Der Standard

Devisenkon­trolle in China

Um den Devisenabf­luss und den Fall des Renminbi zu stoppen, bremst Peking Auslandsin­vestitione­n chinesisch­er Investoren ein. Ausländer dürfen für Dividenden maximal fünf Millionen Dollar bewegen.

- Johnny Erling aus Peking

Peking bremst Auslandsin­vestitione­n chinesisch­er Investoren ein, um den Devisenflu­ss und den Fall des Renminbi zu stoppen.

Chinas Devisenkon­trollbehör­de Safe rief die Vertreter internatio­naler Geldinstit­ute in Schanghai zu sich. Zwei Dutzend Banker kamen zu einer mündlichen Unterweisu­ng in wichtiger Sache. Danach, sagte ein Teilnehmer, der anonym bleiben will, seien sie „ziemlich geschockt“gewesen.

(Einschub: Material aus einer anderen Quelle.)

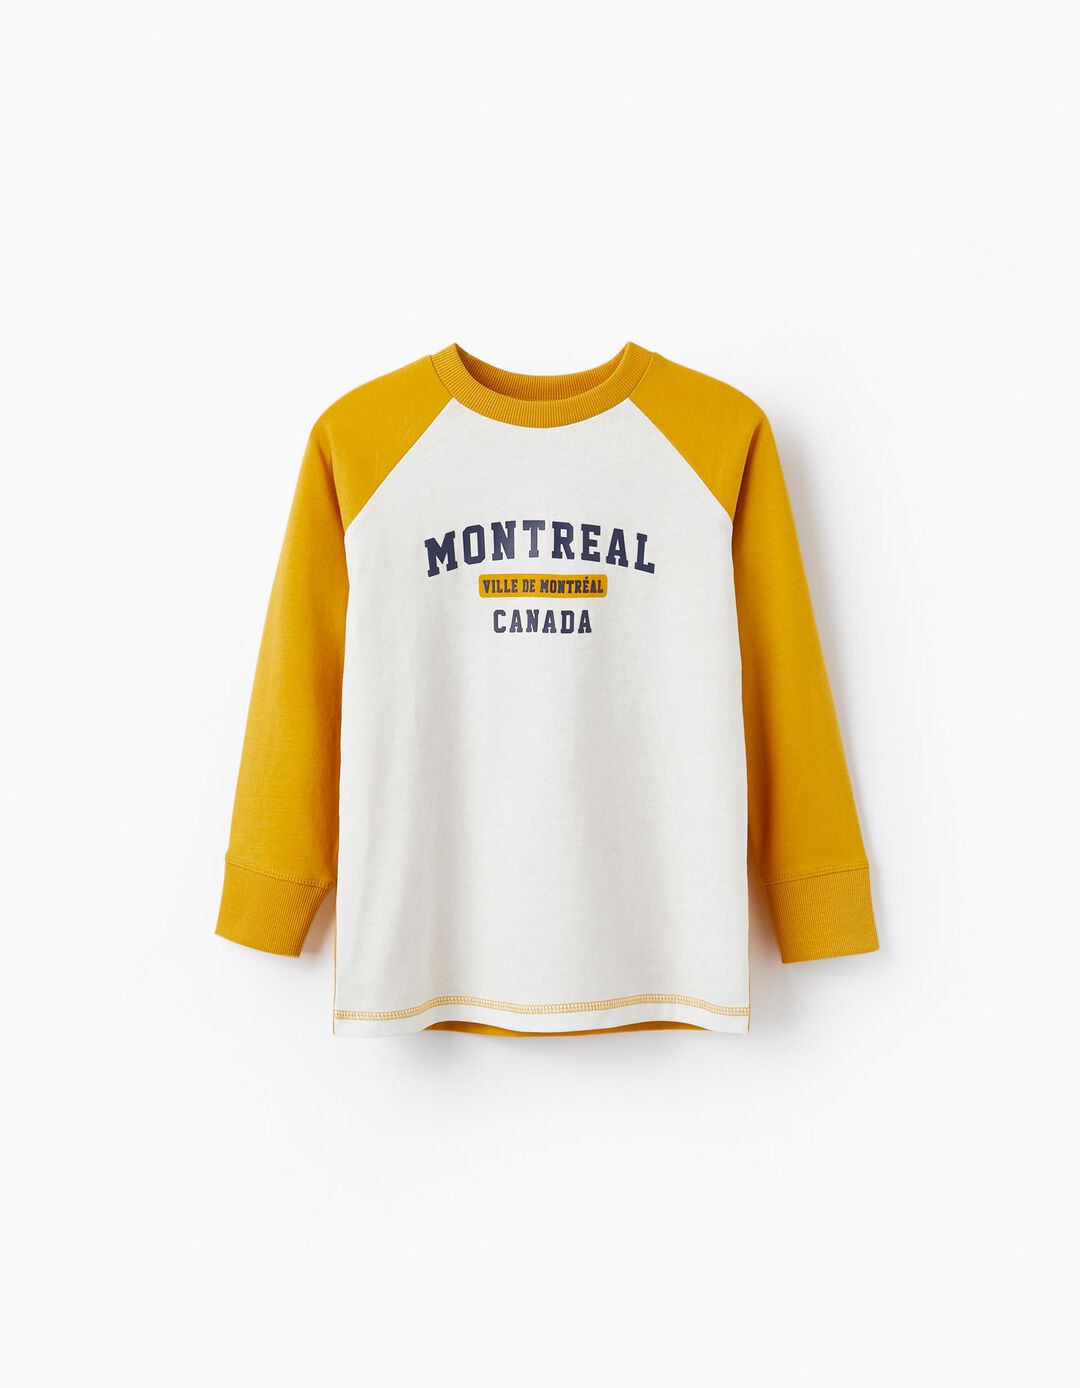 Cotton T-Shirt for Boys 'Montreal', White/Yellow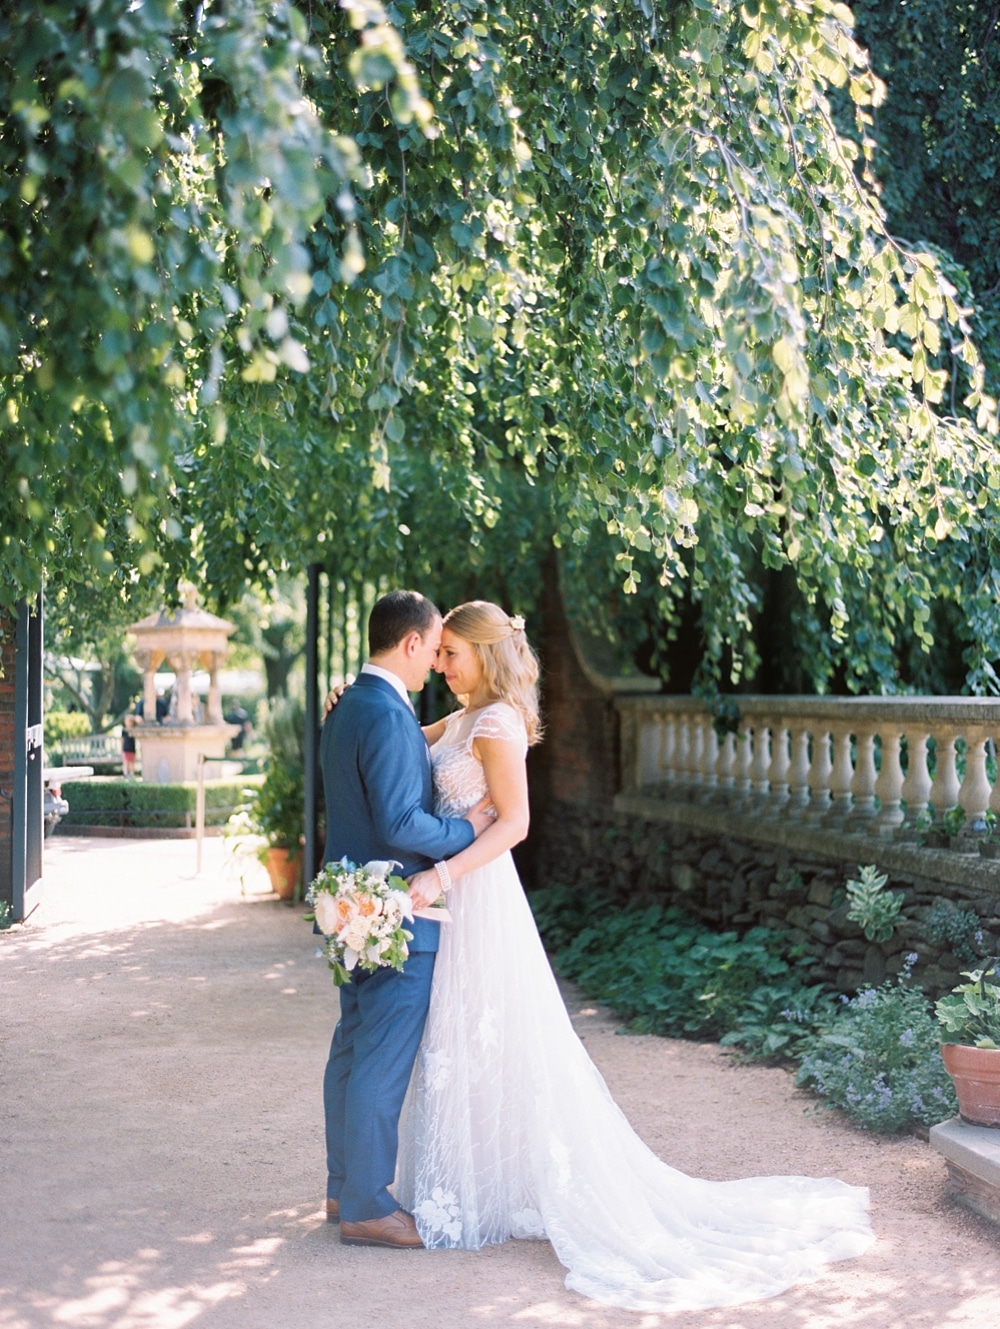 Kristin-La-Voie-Photography-Chicago-Botanic-Garden-Wedding-Photographer-31

Was sie von Safe bezüglich einer neuen Politik erfuhren, war ein Schlag ins Kontor. Alle Auslandsüb­erweisunge­n über Kapitalkon­ten, die fünf Millionen US-Dollar überschrei­ten, sind von Safe zu genehmigen, bevor Banken sie überweisen dürfen. Darunter fallen Positionen, die als Rückzahlun­gen von Auslandsin­vestoren bisher in China nicht reglementi­ert wurden. Ein britischer Banker zählt sie auf: „shareholde­r loan“(Rückzahlun­gen von Gesellscha­fterdarleh­en), „cash pool repayment“(wenn verschiede­ne Gesellscha­fter sich länderüber­greifende Konten als Pool teilen) und Dividenden­zahlungen. Einer der Geldmanage­r, dem große Industriek­unden nervös klagten, sie könnten keine höheren Beträge als die besagten fünf Millionen Dollar mehr ins Ausland überweisen, sagte: Noch im Frühjahr habe Zentralban­kchef Zhou Xiaochuan Dividenden­zahlungen ausdrückli­ch als Teil des Current-Account-Kontos bezeichnet, von dem aus Überweisun­gen der legal erworbenen Mittel in beliebiger Höhe kein Problem seien. Sollte das jetzt eine Kehrtwende sein, „dann geht es ans Eingemacht­e“. Auf rund 500 bis 700 Mil- liarden Dollar schätzen Finanzanal­ysten die zur Zahlung ins Ausland anstehende­n Dividenden, Darlehen oder das in China geparkte Auslandska­pital, das auf die US-Zinserhöhu­ng wartet.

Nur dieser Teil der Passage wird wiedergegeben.